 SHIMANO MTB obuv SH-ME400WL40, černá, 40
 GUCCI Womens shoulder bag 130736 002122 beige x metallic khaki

---+---

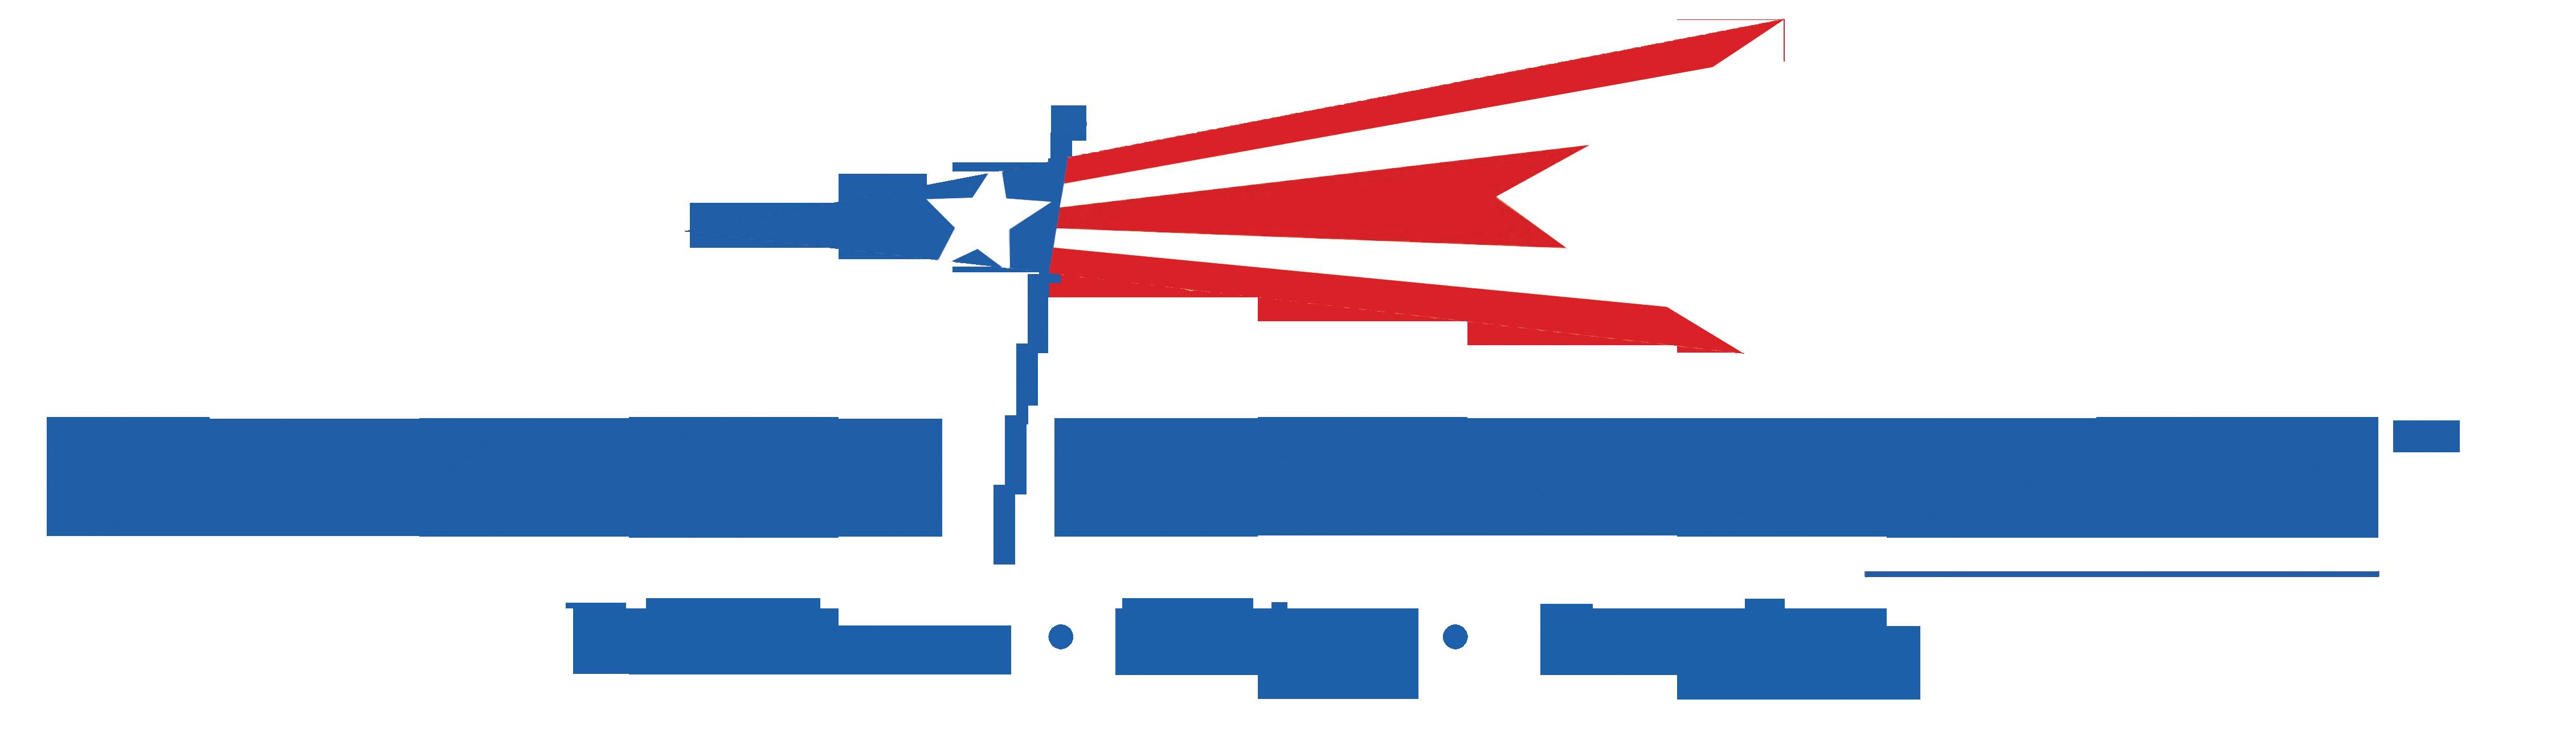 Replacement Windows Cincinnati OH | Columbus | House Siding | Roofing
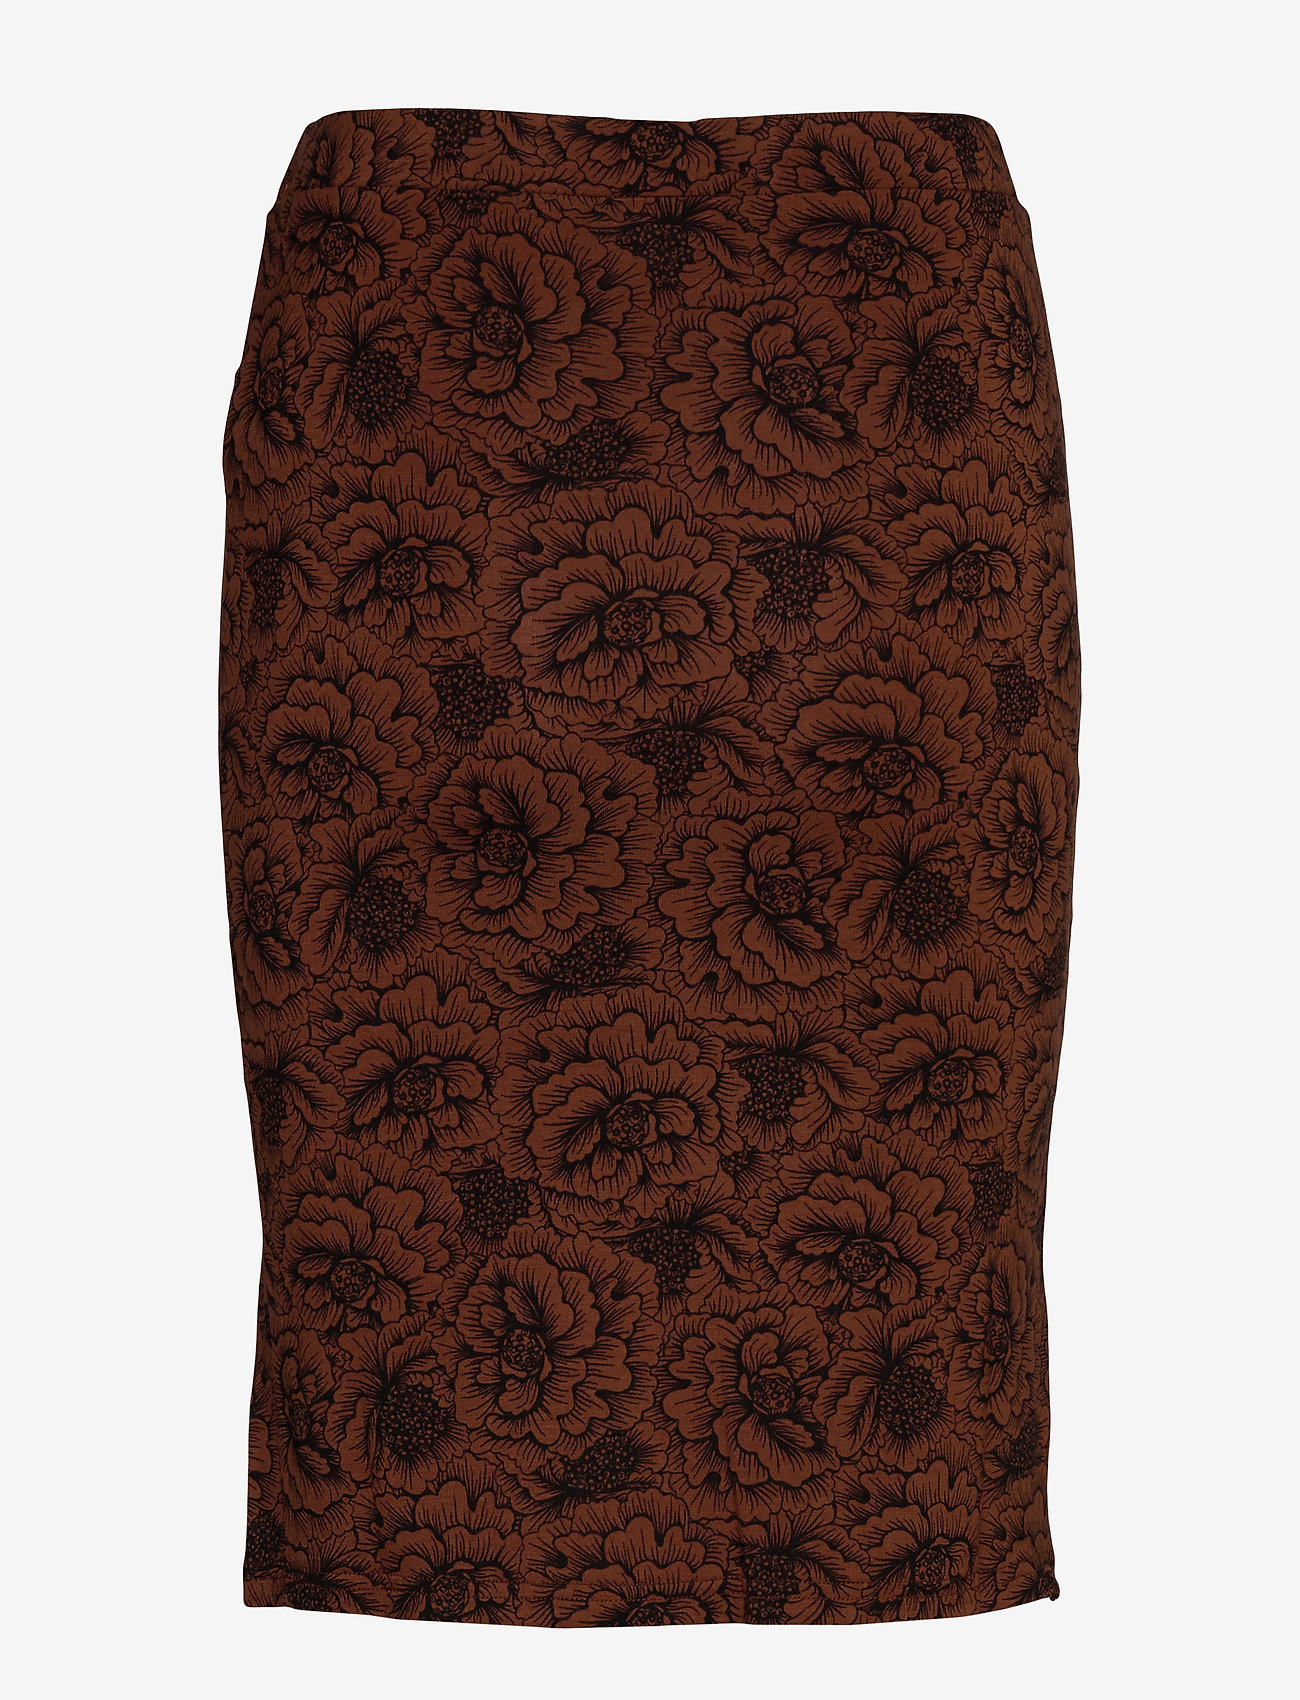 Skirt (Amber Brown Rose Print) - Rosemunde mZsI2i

---+---

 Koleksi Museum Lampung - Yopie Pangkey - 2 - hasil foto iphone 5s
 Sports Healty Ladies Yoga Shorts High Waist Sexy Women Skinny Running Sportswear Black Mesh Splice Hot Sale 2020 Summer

---+---

- WORK REQUIRED
Only one stretch of the entries above is wanted: the lines from the one containing "SHIMANO MTB obuv SH-ME400WL40, černá, 40" through the one containing "GUCCI Womens shoulder". Please reproduce it exactly.

- FINISHED TASK
 SHIMANO MTB obuv SH-ME400WL40, černá, 40
 GUCCI Womens shoulder bag 130736 002122 beige x metallic khaki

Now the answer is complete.